Demas hat mich aus Liebe zu dieser Welt verlassen und ist nach Thessalonich gegangen, Crescens ging nach Galatien, Titus nach Dalmatien. Lukas ist als Einziger bei mir. Nimm Markus und bring ihn mit; denn er ist für mich nützlich zum Dienst. (2Tim 4,10-11)

Über ein Wirken des Titus in Dalmatien ist uns aus anderen Quellen nichts bekannt. Interessant ist, dass Lukas hier als einziger verbliebener Gefährte des Paulus genannt wird. Es wäre wirklich sehr interessant zu erfahren, wie es damals gewesen ist, in welchen persönlichen Beziehungen die großen Heiligen der frühen Christenheit zueinander gestanden sind. Wie eng war Lukas als Verfasser der Apostelgeschichte mit Paulus verbunden? Wenn hier mit Markus und Lukas die beiden Evangelisten gemeint sind, wie gut kannten sie sich? Oder sind hier doch spätere Apostelschüler am Werk, die bestrebt sind, die großen Persönlichkeiten in eine Beziehung zueinander zu stellen, die sie nie gehabt haben?

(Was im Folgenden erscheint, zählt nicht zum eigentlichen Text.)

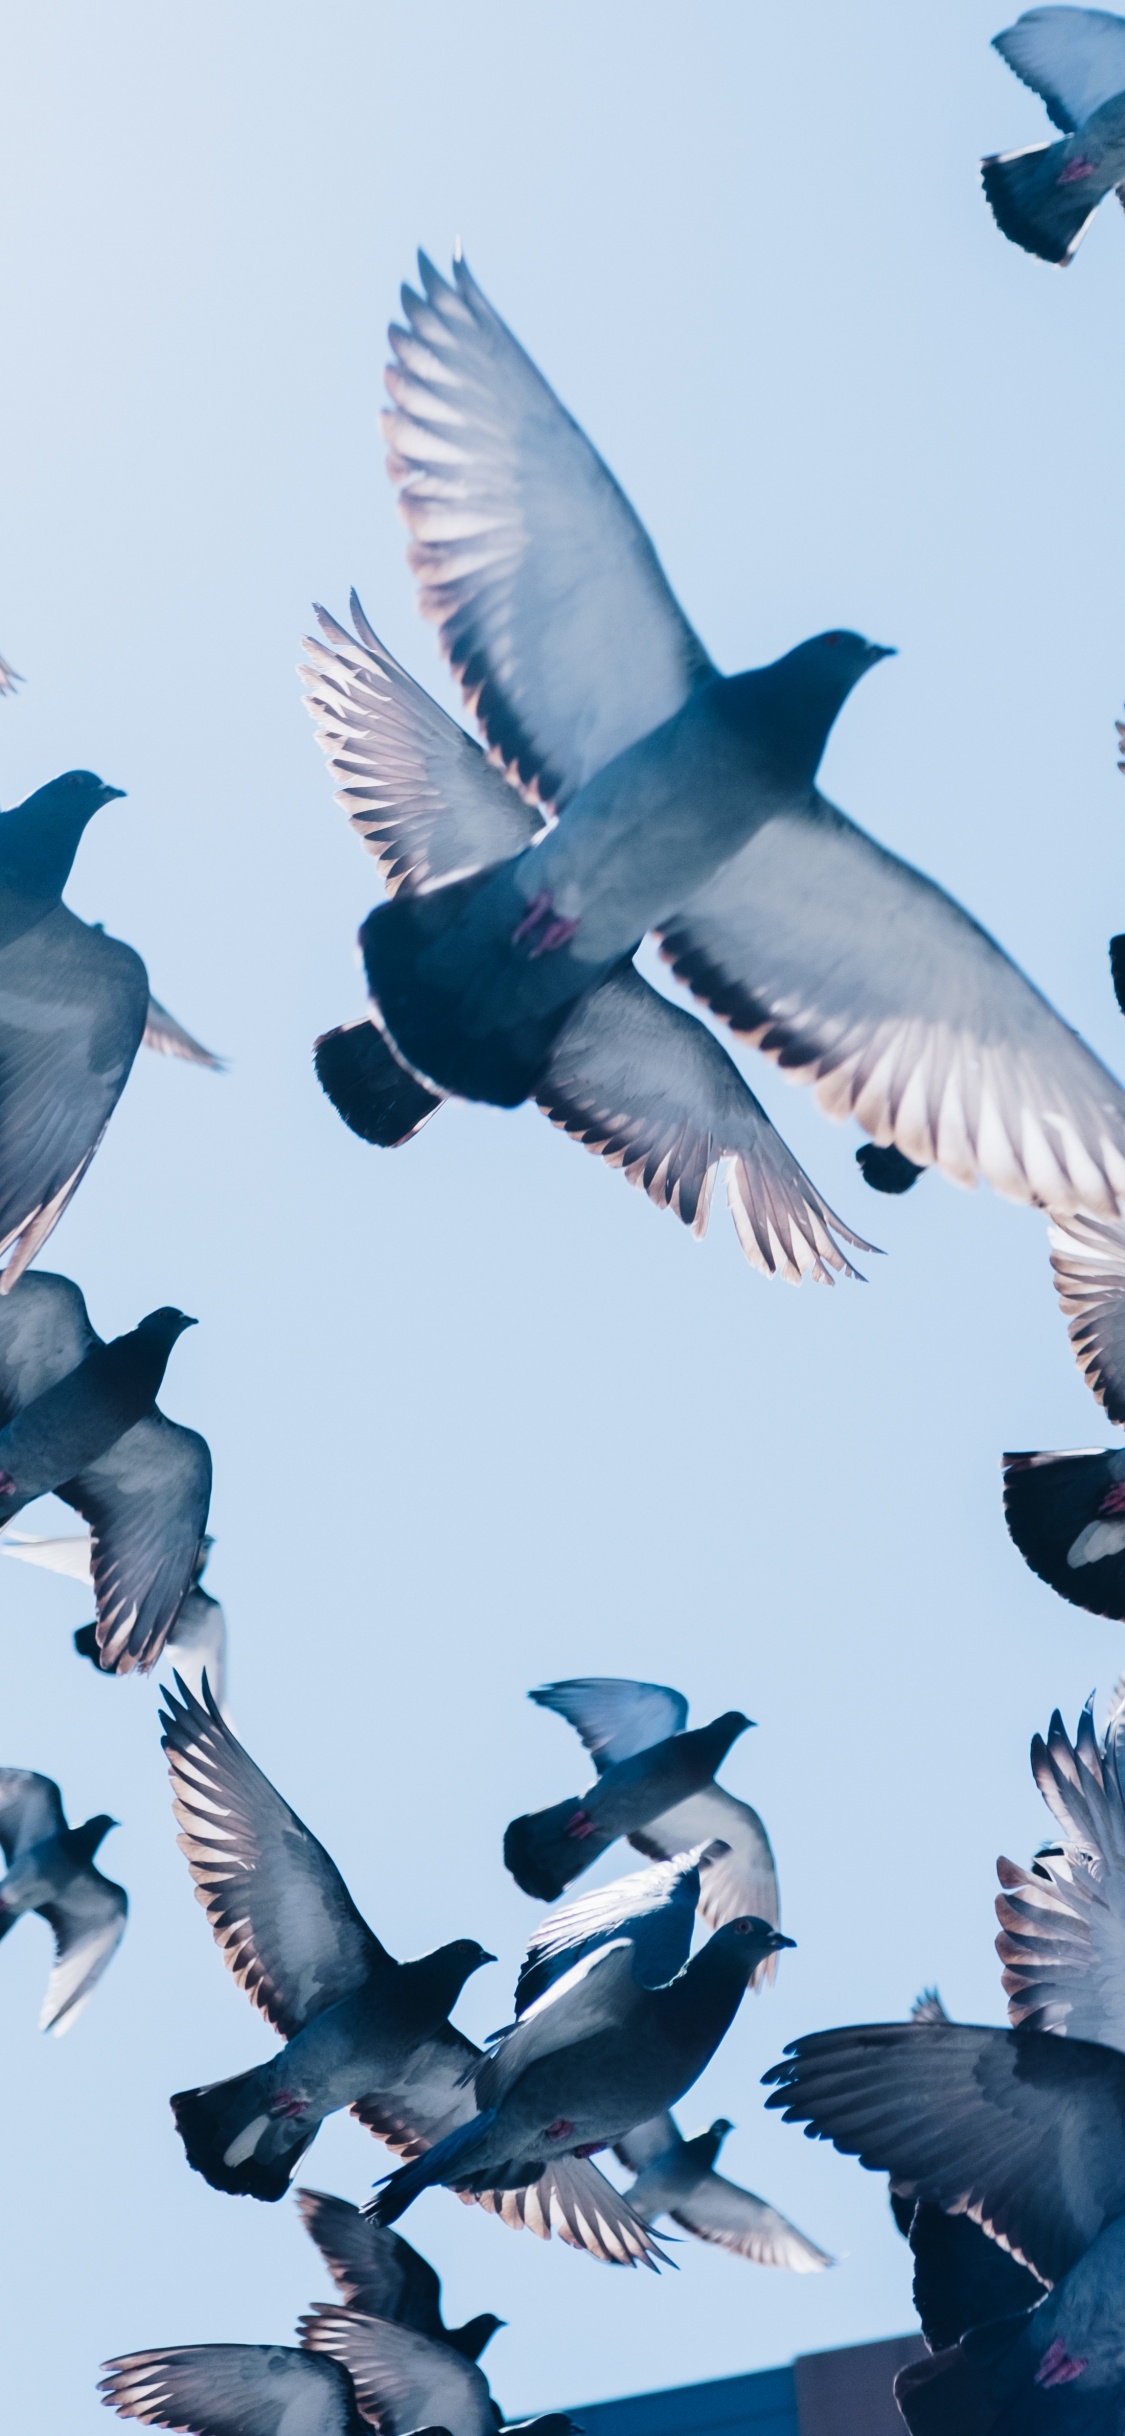 Flock of Birds Flying Under Blue Sky During Daytime. Wallpaper in 1125x2436 Resolution

Die Frühzeit des Christentums war sicher eine spannende Zeit, über die wir aber leider viel zu wenig wissen. Die Apostelgeschichte und die Paulusbriefe geben uns Einblicke, die aber in gewisser Weise auch geprägt sind von persönlichen Interessen und der Tendenz, die Frühzeit des Christentums zu idealisieren. Sicher sind solche Zeiten des Aufbruchs, in denen zunächst einmal alles neu ist, sehr interessant. Heute blicken wir auf fast 2000 Jahre Kirchengeschichte zurück und vieles in der Kirche erscheint uns altmodisch und verstaubt. Aber jede Epoche kann zu einer Zeit des Aufbruchs werden. Es lohnt sich, die Briefe des Neuen Testaments und die Apostelgeschichte nicht nur aus dem Blickwinkel frommer Überlieferung zu lesen, sondern auch einmal zu versuchen, zwischen den Zeilen die Brüche und Fehlschläge herauszulesen, die es auch damals gegeben hat und natürlich dann auch zu entdecken, welche Lösungen man schließlich gefunden hat. Titus, dessen Nichterwähnung in der Apostelgeschichte uns nach dem Grund dafür fragen lässt, kann uns ein Begleiter bei dieser Suche sein.